Poker Chick has nothing to write about.

She's suffering from an attack of inspiration, energy, confidence, whatever. Everything she considers writing about lately seems pitiful and she's left with no ideas.

She could write about the "breaking news alert" she received that we've been in a recession since 2007. She could do a whole blog about how f*cked up it is that the authorities couldn't figure that one out before we'd already passed the mark for longest one on record since who knows when - and pontificate about what consititutes "Breaking news".

She could talk about the plight of the working mom, and ask for help deciding between a business trip and parent-teacher conferences, not to mention how to deal with snarky and judgemental stay-at-home moms who make things unnecessarily harder (not all of them, just a select precious bunch).

She could talk about complete exhaustion, the kind that happens when you're running a fever, your husband's been out of town for four days, and the mini is up coughing at night so much so that you and the pediatrician decide you must give her an inhaler for the first time.

She could lament about what to do with two weeks off in December, stay at home, go to Vegas, go to LA, do something else, etc, etc. The problems of a New York Ad Girl, indeed.

She could b*tch about the ridiculous expense, chaos and politics that is planning a winter birthday party in New York.
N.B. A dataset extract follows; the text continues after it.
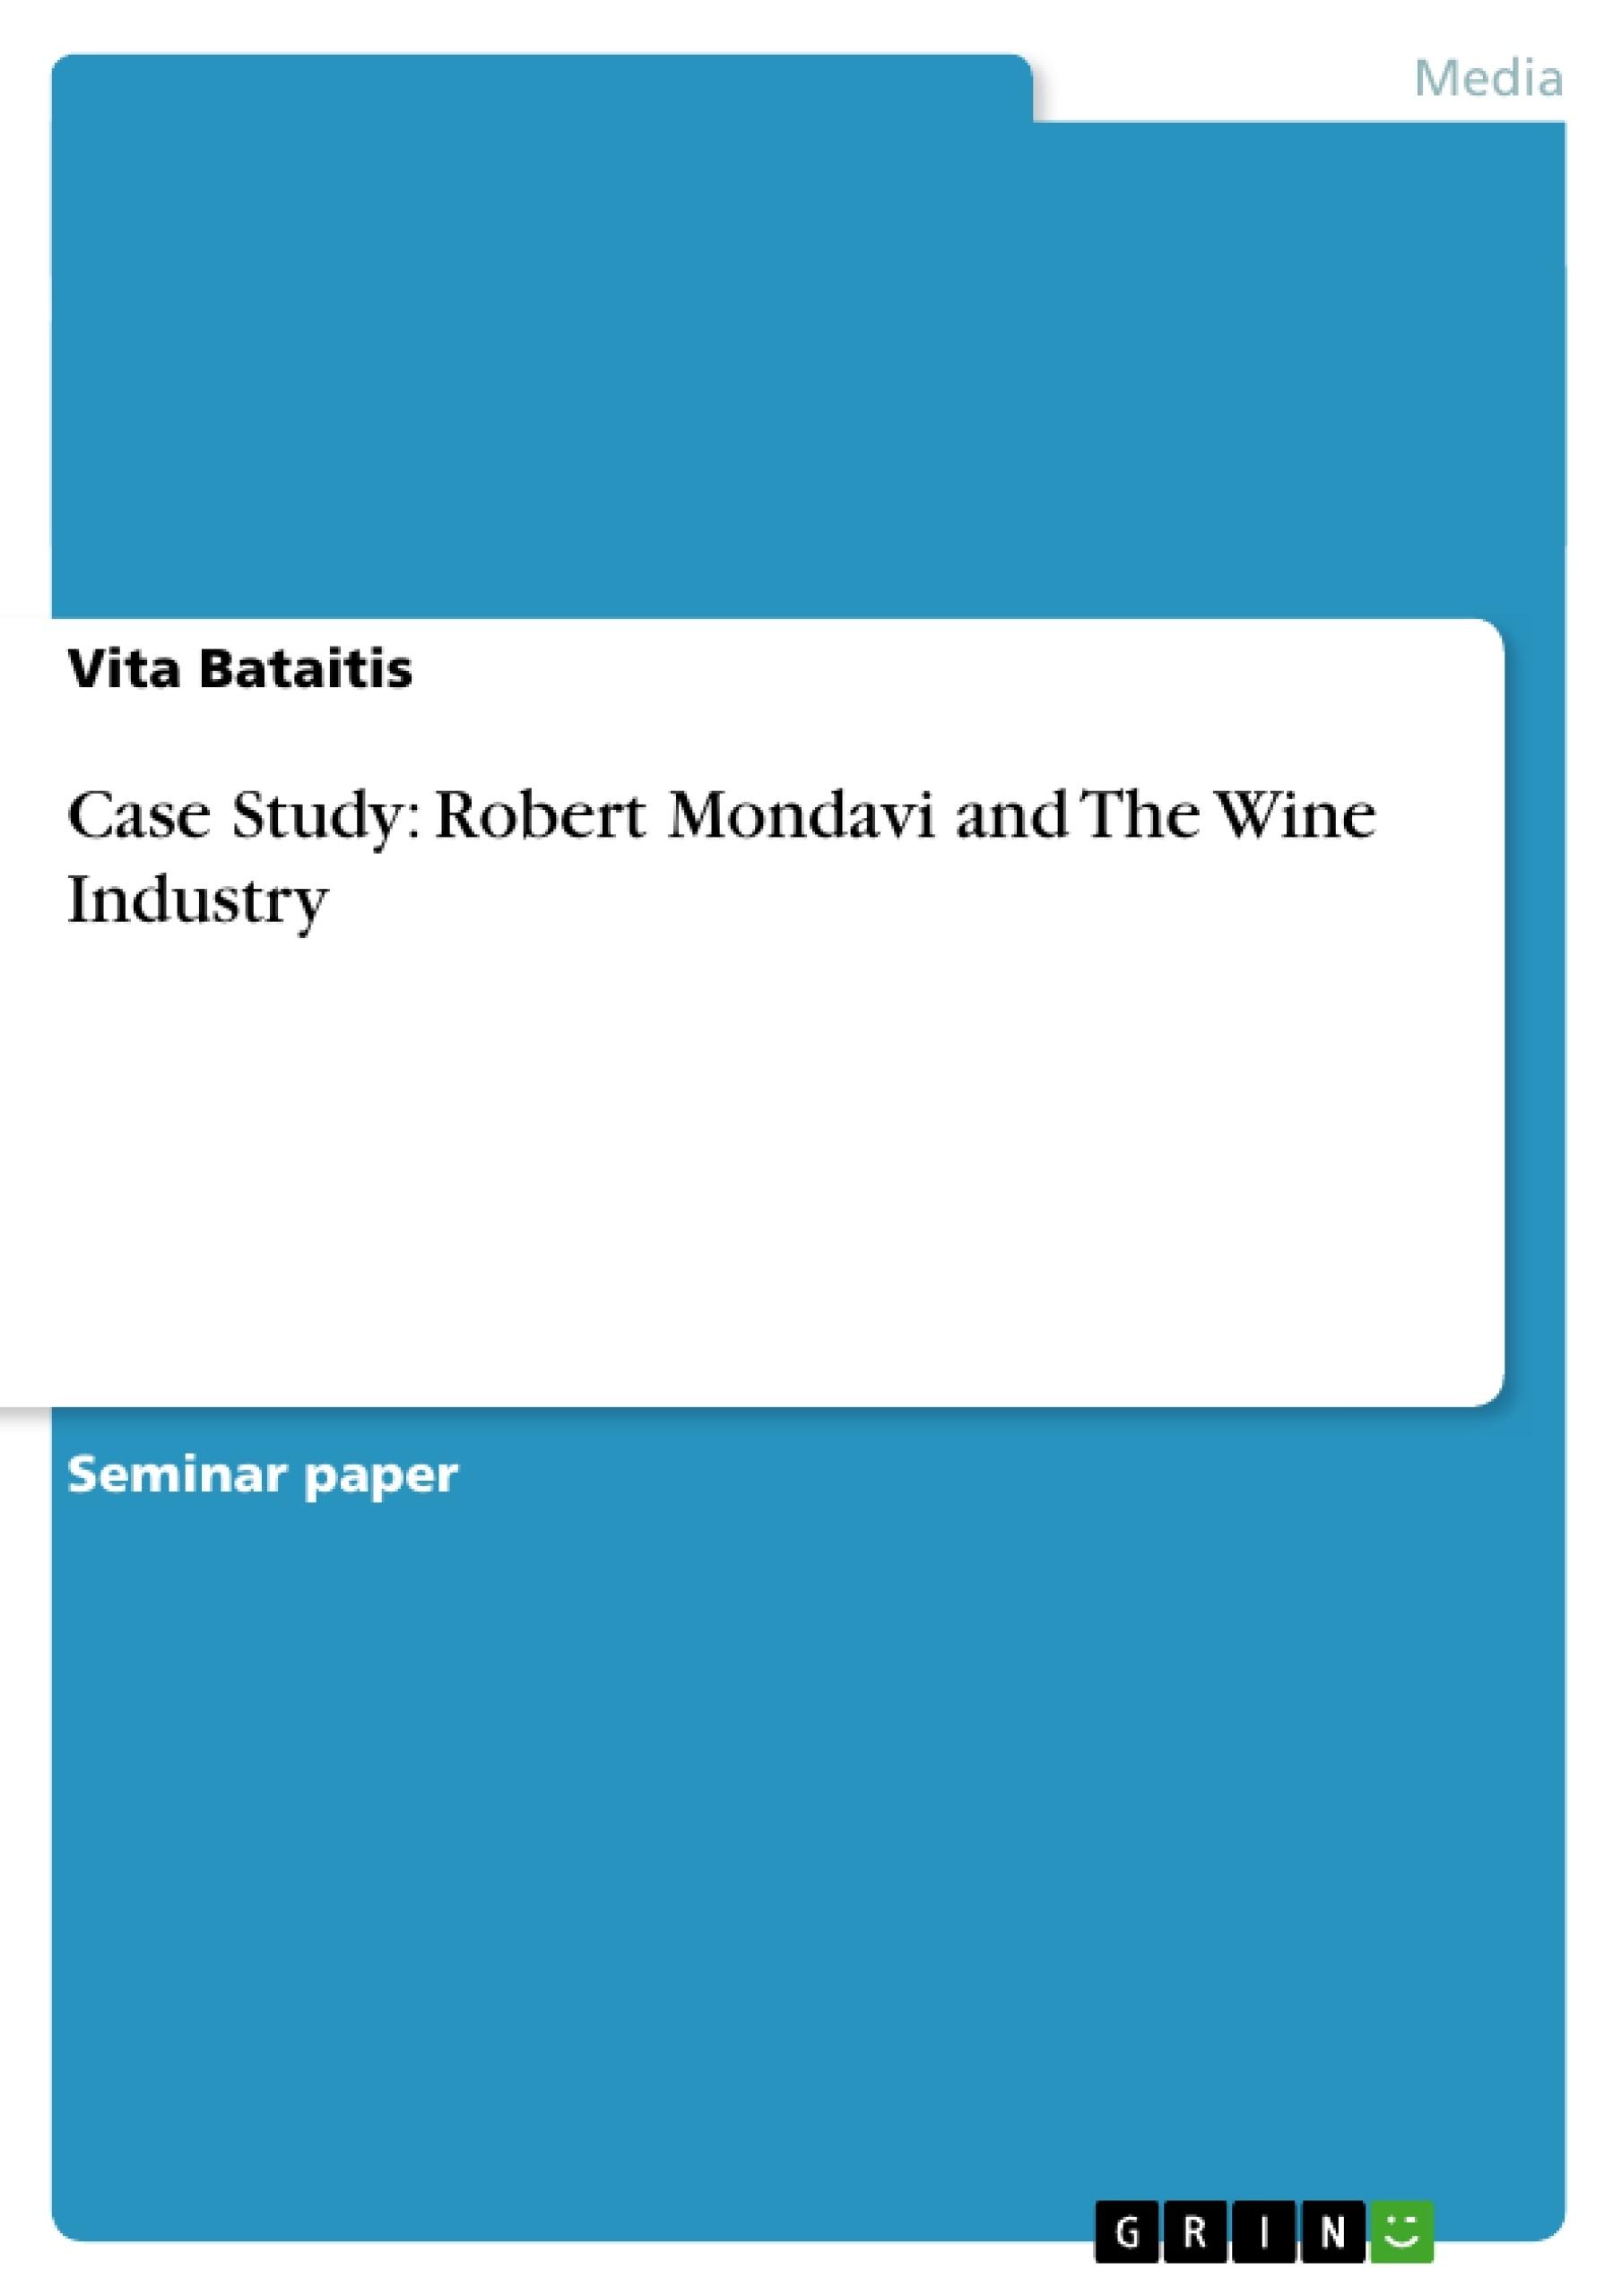 Title: Case Study: Robert Mondavi and The Wine Industry

She could whine about the realization that despite many years and good medicine, farm animals still render her nose, eyes and mouth useless in an instant.

She could vent about the food thing, and how exhausting it is to always decline cake, call for pizza ingredients, say no to birthday parties with make your own food, want to scream when the mini is left out of social ocassions/food just because a parent didn't take a minute to be more inclusive. She could tell you about the mini's sad plea at a birthday party ("now can I have my cupcake"?) that is so loud it stops everyone in the room in their tracks and you have to endure horrible looks of pity.

She could talk about the fact that it was a "good" weekend when we only had two time-outs each day and how especially proud she was of mini who not only did a mitzvah by helping her sort and organize books at the synagogue, but also called to her classmate when she came in "Hi, E! Come and play with me and my new friends" (code: kids she just met). The same week, mini had asked Poker Chick to actually stop giving her so much mac and cheese so that there would be enough left to share with her friends. Today she also petted an iguana (technically some kind of "dragon" species) a second time to show a scared classmate that it was friendly and gentle. She could look at these moments and begin to think that maybe she is actually doing something right after all.

Yes, Poker Chick could tell you all this. But none of this will be interesting to you peeps.

So for now, we'll just whine. Being sick sucks, it's freezing outside, and PC is exhausted. Yes, we know. Call a f*cking "waambulance". Will do. In the meantime, can you peeps think of what the hell else you might actually want to read?